Retired army regular officer Clement Puah Neo took to his Facebook on Wednesday (10 June) to share an image of a graph depicting the number of new COVID-19 cases confirmed daily by the Ministry of Health (MOH) from 1 to 9 June, which showed a downturn in the number of new cases per day.

From 2 to 4 June, there were upwards of 500 new cases announced each day. However, on 5 June, there were only 261 new cases. After that, the number of new cases per day stayed below 500 at 344 new cases on 6 June, 383 on 7 June, 389 on 8 June, 218 on 9 June, and 451 on 10 June.

The image noted that the MOH had stated that the lower number of new cases per day was due to fewer swabs being conducted.

Specifically, the Ministry said in its 5 June update, “The lower number of cases today is partly due to fewer swabs being conducted.” The Ministry, however, did not provide further explanation in the update on why fewer tests were being conducted.

When a similar drop in daily cases occurred on 11 May – 486 new cases which at the time, was significantly lower than the daily reports from preceding days – the MOH noted then that the lower numbers were partly due to fewer tests being processed at the laboratory as one of the test kits was being recalibrated.

Coming back to the image shared by Mr Puah Neo yesterday, a connection was made which infers that fewer tests being conducted means fewer confirmed cases. This notion was described as “common sense”.

It went on, “From an average of about 370 new cases in the preceding 3 days, it appears that the sudden drop to 218 new cases [on 9 June] is likely due to fewer tests conducted.”

“It would do well for MOH to be transparent instead of conducting fewer tests to achieve a lower figure for confirmed cases.”

Mr Puah Neo, in his caption accompanying the image, demanded to know how many tests are being conducted each day now.

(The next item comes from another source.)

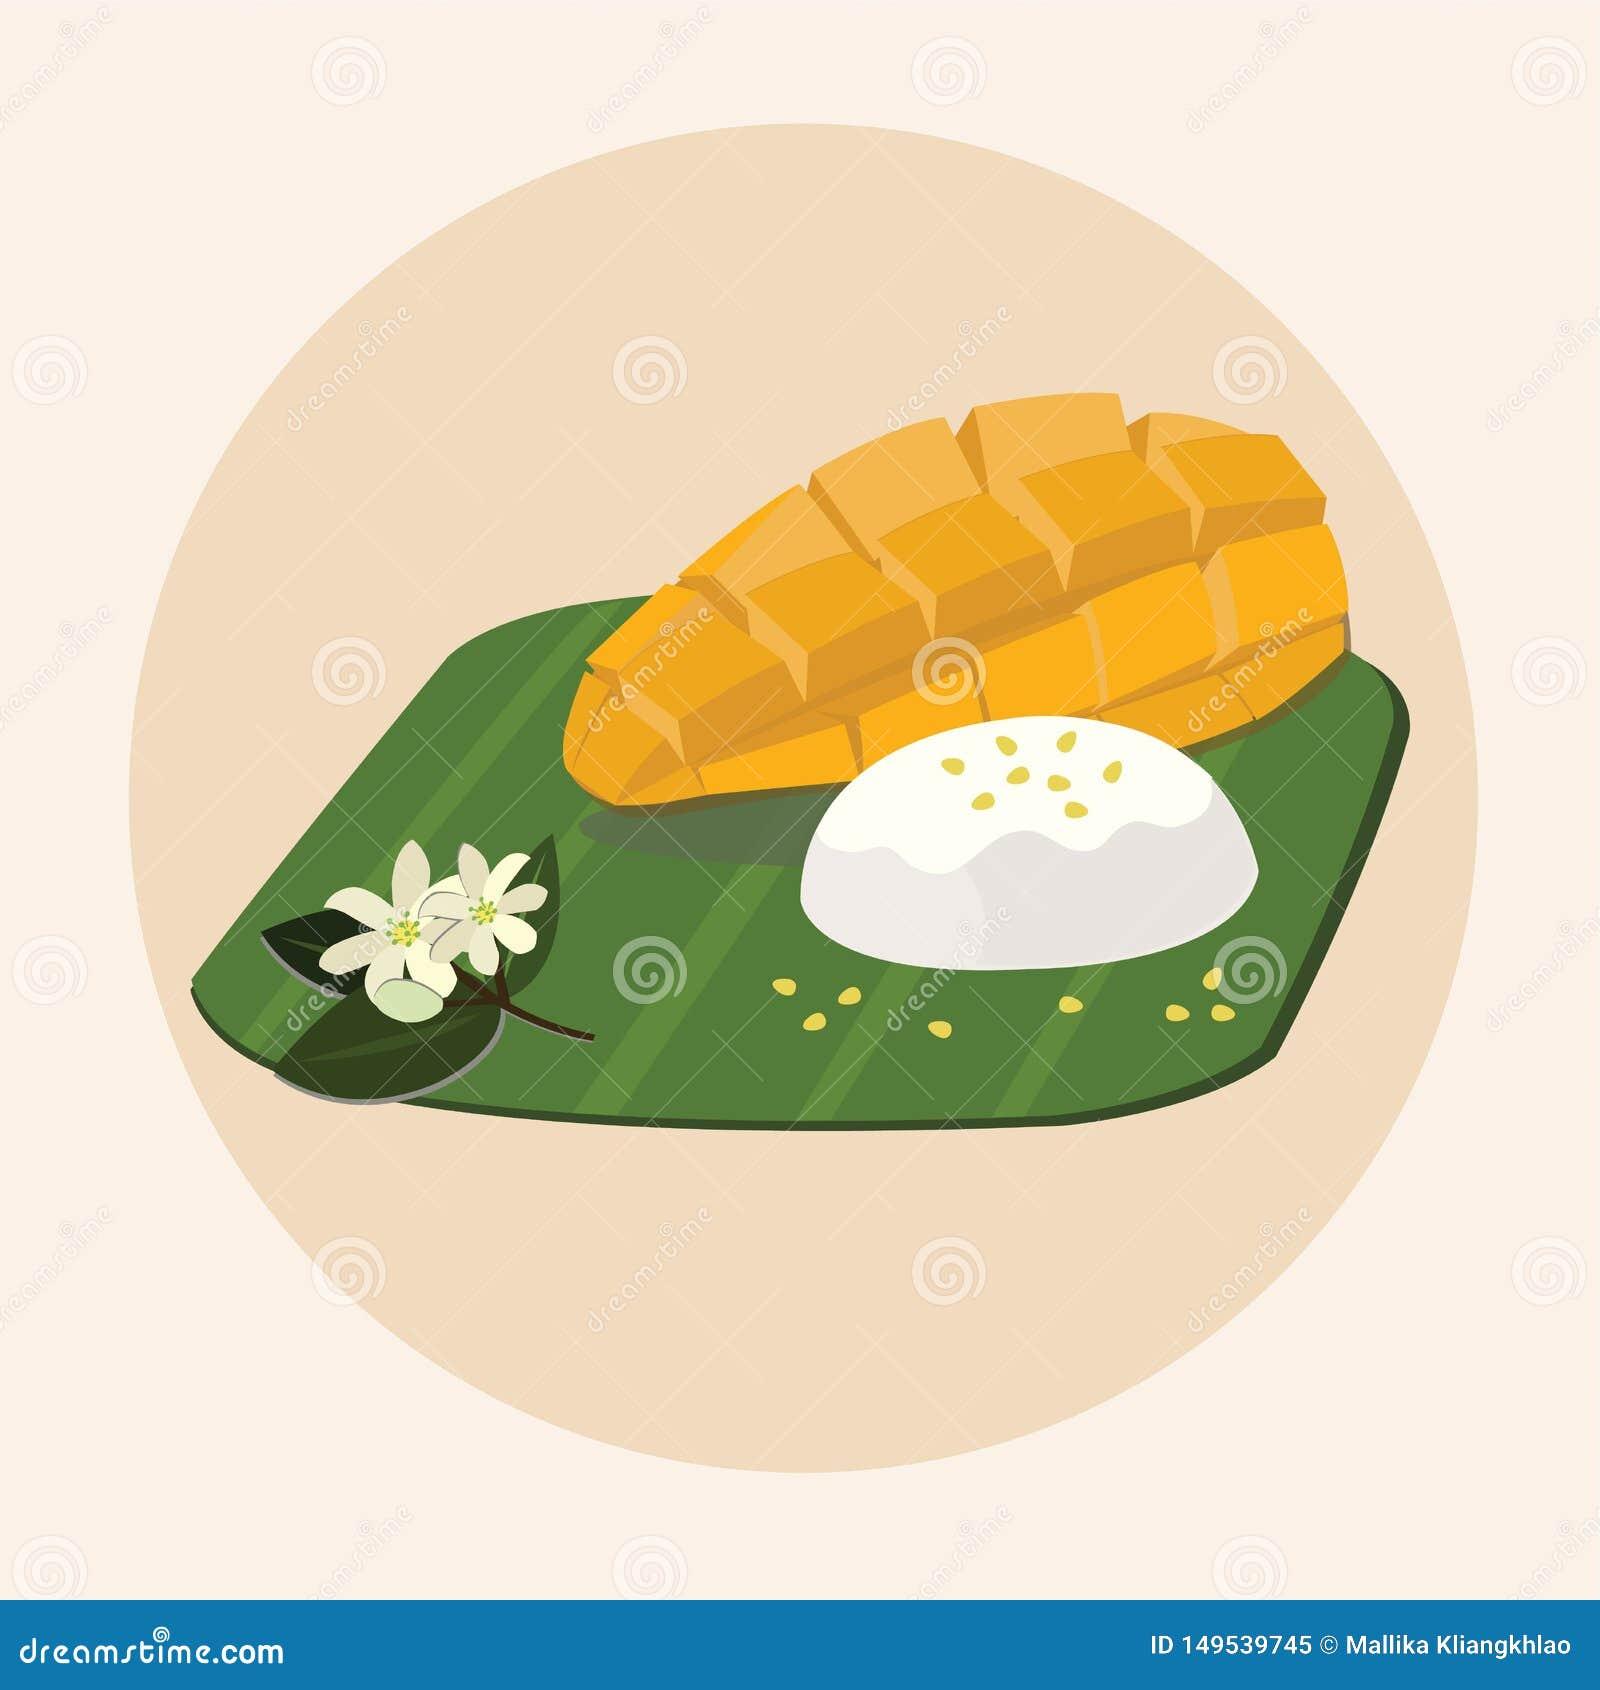 Khao Niew mA Muang - arroz pegajoso dulce tailand?s con el mango

He wrote, “Can Singapore and true blue Singaporeans be told how many tests are now being done please?”

“I believe that’s a most reasonable request from a concerned Singaporean who gave 30 years of his life including all of his youth serving the nation and contributing to the well-being of Singapore!”

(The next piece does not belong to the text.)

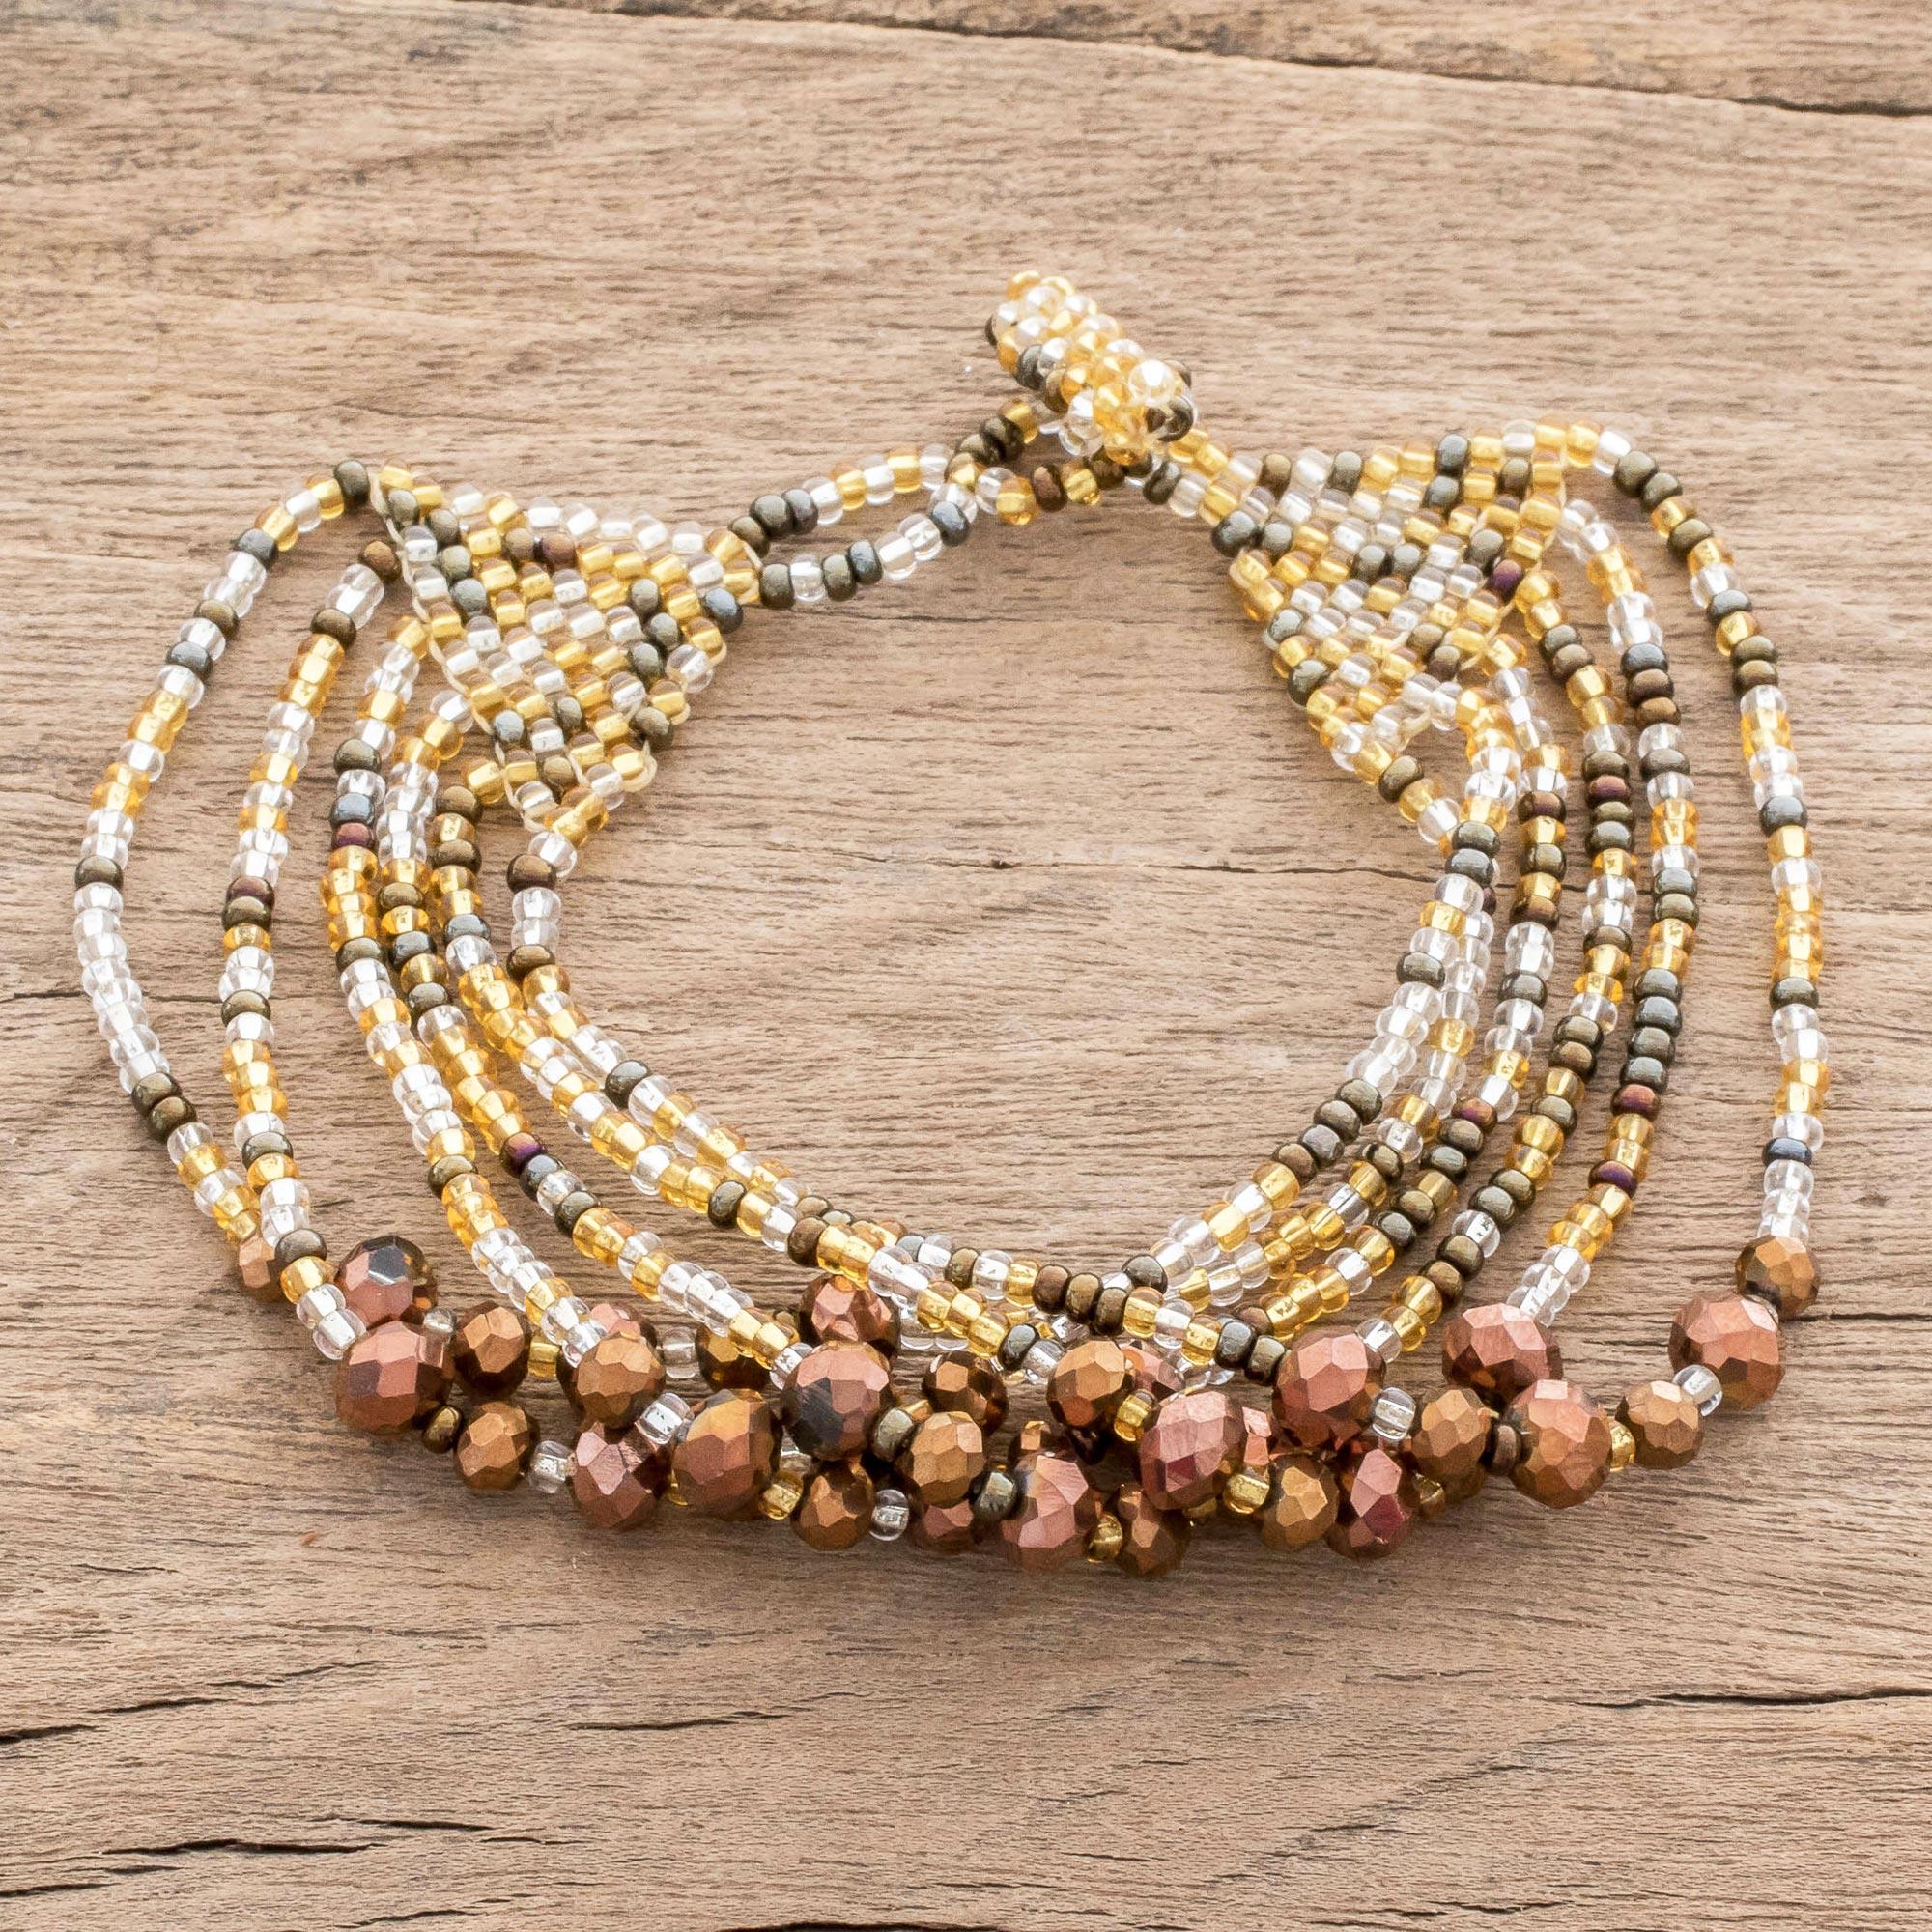 20 cm Gorgeous Crystal Artisan Bead Strand

Taskforce has consistently emphasised that testing capacity is increasing

Interestingly, the multi ministry taskforce has repeatedly stated that Singapore is increasing its testing capacity.

On 27 April, Health Minister Gan Kim Yong remarked,  “Our testing capacity for migrant workers is about 3,000 a day. We have not reduced it. Instead we have been increasing the capacity of testing of our migrant workers. The rate of testing has not slowed.”

On the same day, the MOH said in a statement, “To date, Singapore has tested about 2,100 per 100,000 persons.”

Later on 19 May, the MOH’s director of medical services Associate Professor Kenneth Mak noted in a briefing that over 281,000 COVID-19 tests have been conducted so far on 191,000 unique individuals.

However, according to data collated by statistics site Our World in Data, Singapore has only conducted an average of 7.6 tests for each confirmed case since the COVID-19 outbreak started. This is compared to 18 test in Japan, 84.9 in South Korea, and 250.4 tests in New Zealand.

According to Our World in Data, Singapore’s test numbers are based on reports from the MOH on the number of people that have been tested and the number of swab tests that have been conducted, both of which the Ministry started reporting on 10 April.

The site noted that countries with very few tests per confirmed case are unlikely to be testing widely enough to find all cases.

Ultimately, Mr Puah Neo’s question pretty much stands; can the Government say how many tests are being done and how many are being processed each day?